What does our data look like now?

In [43]:
log_fig = go.Figure()

log_fig.add_trace(go.Scatter(
    x=mpg['log hp'], 
    y=mpg['mpg'], 
    mode='markers',
    name='Original Data')
)

log_fig.update_layout(showlegend=True, title='MPG vs. log(Horsepower)',
                  xaxis_title='log(Horsepower)', yaxis_title='MPG',
                  template=TEMPLATE)

Predicting 'mpg' using log('horsepower')¶

Let's fit another linear model.

In [44]:
car_model_log = LinearRegression()
car_model_log.fit(mpg[['log hp']], mpg['mpg'])
Out[44]:
LinearRegression()

What do our predictions look like now?

In [45]:
log_fig.add_trace(go.Scatter(
    x=[3.7, 5.5],
    y=car_model_log.predict([[3.7], [5.5]]),
    mode='lines',
    name='Predicted MPG using log(Horsepower)'
))
/Users/larry/opt/anaconda3/envs/dsc80/lib/python3.8/site-packages/sklearn/base.py:441: UserWarning:

X does not have valid feature names, but LinearRegression was fitted with feature names

The fit looks a bit better! How about the $R^2$?

In [46]:
car_model_log.score(mpg[['log hp']], mpg['mpg'])
Out[46]:
0.6683347641192137

Also a bit better!

What do our predictions look like on the original, non-transformed scatter plot? Let's see:

In [47]:
fig.add_trace(
    go.Scatter(
        x=mpg['horsepower'], 
        y=car_model_log.intercept_ + car_model_log.coef_[0] * np.log(mpg['horsepower']),  
        mode='markers', name='Predicted MPG using log(Horsepower)', marker_color='red'
    )
)

Our predictions that used $\log(\text{Horsepower})$ as an input don't fall on a straight line. We shouldn't expect them to; the red dots come from:

$$\text{Predicted MPG} = 108.698 - 18.582 \cdot \log(\text{Horsepower})$$
In [48]:
car_model_log.intercept_, car_model_log.coef_
Out[48]:
(108.69970699574486, array([-18.58218476]))

Quantitative scaling¶

Until now, feature transformations we've discussed so far have involved converting categorical variables into quantitative variables. However, our log transformation was an example of transforming a quantitative variable into a new quantitative variable; this practice is called quantitative scaling.

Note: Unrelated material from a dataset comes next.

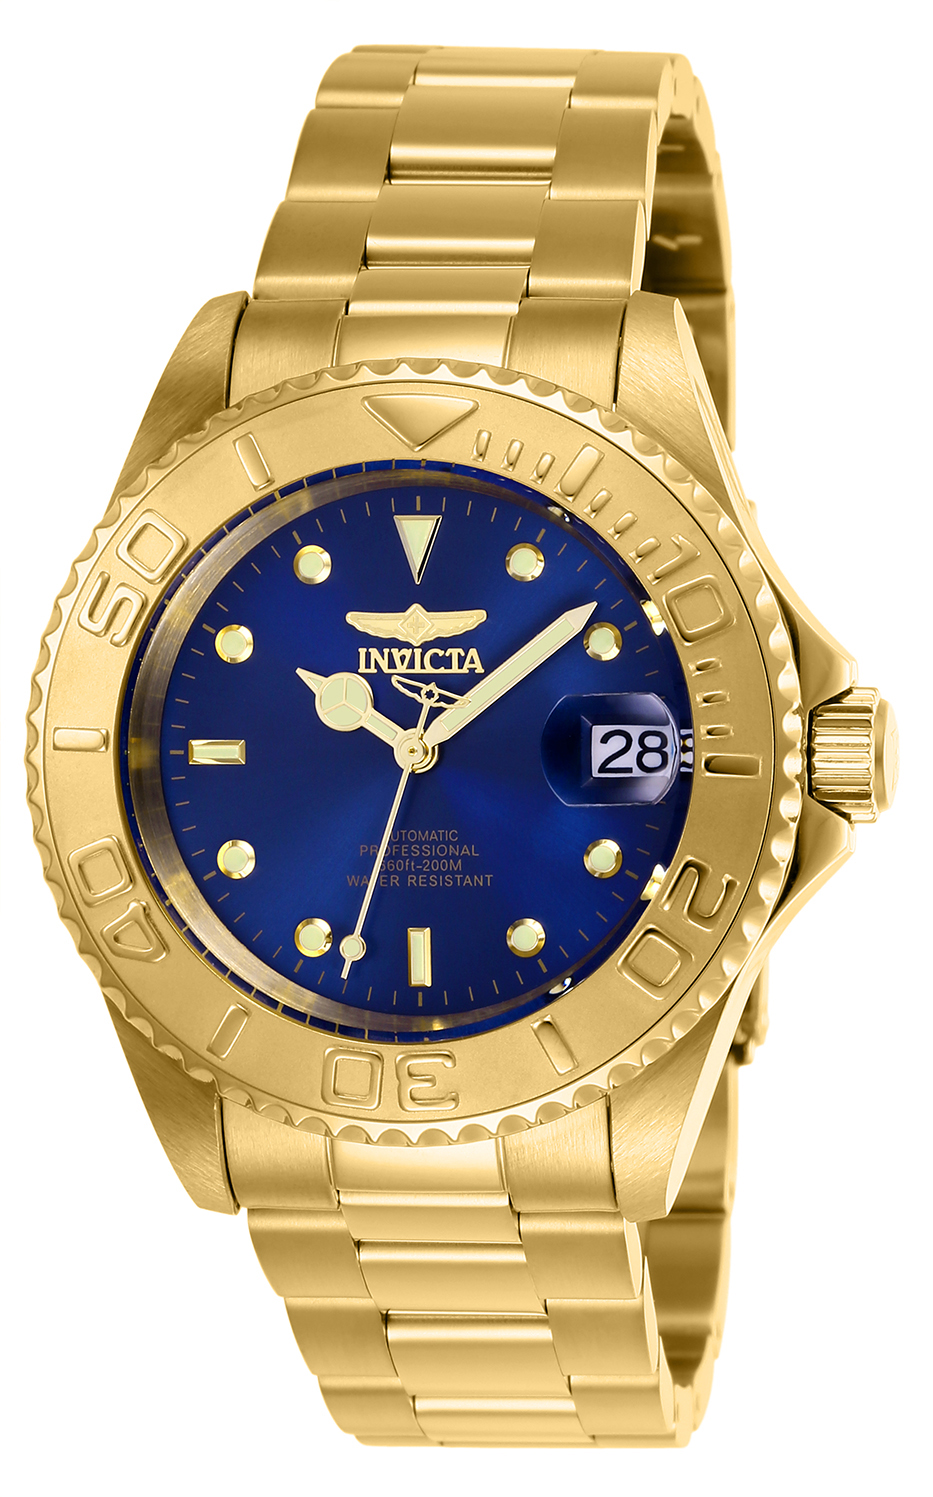 Invicta Pro Diver Automatic Men's Watch - 40mm, Gold (26997)
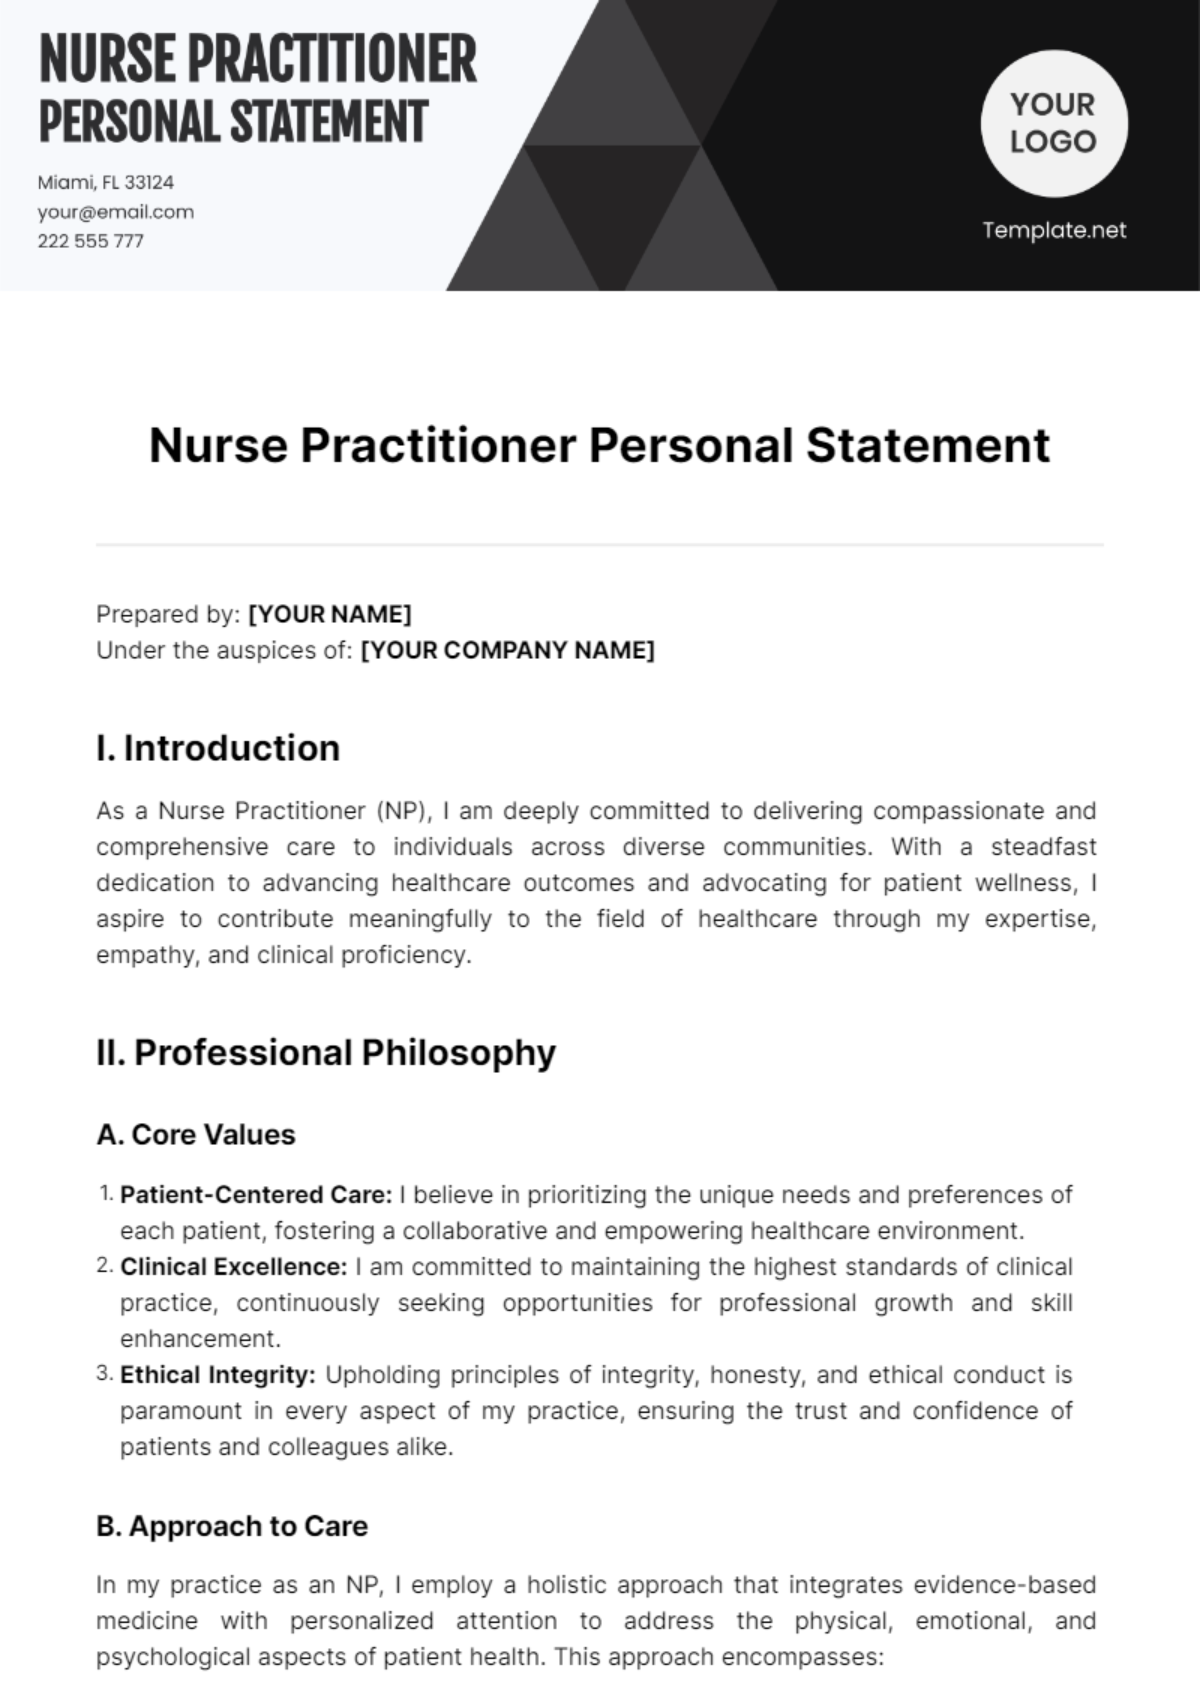 Nurse Practitioner Personal Statement Template

  • Standardization: $x_i \rightarrow \frac{x_i - \bar{x}}{\sigma_x}$.
  • Linearization via a non-linear transformation: e.g. $\text{log}$ and $\text{sqrt}$. See Lab 8 for more.
  • Discretization: Convert data into percentiles (or more generally, quantiles).

Summary, next time¶

Summary¶

  • The LinearRegression class in sklearn.linear_model provides an implementation of least squares linear regression that works with multiple features.
  • To transform a categorical nominal variable into a quantitative variable, use one hot encoding.
  • To transform a categorical ordinal variable into a quantitative variable, use an ordinal encoding.
  • Quantitative feature transformations allow us to use linear models to model non-linear data.

Next time¶

  • Performing one hot encoding and other feature engineering steps in sklearn directly.
  • Using sklearn Pipelines to engineer features and fit models all through a single object.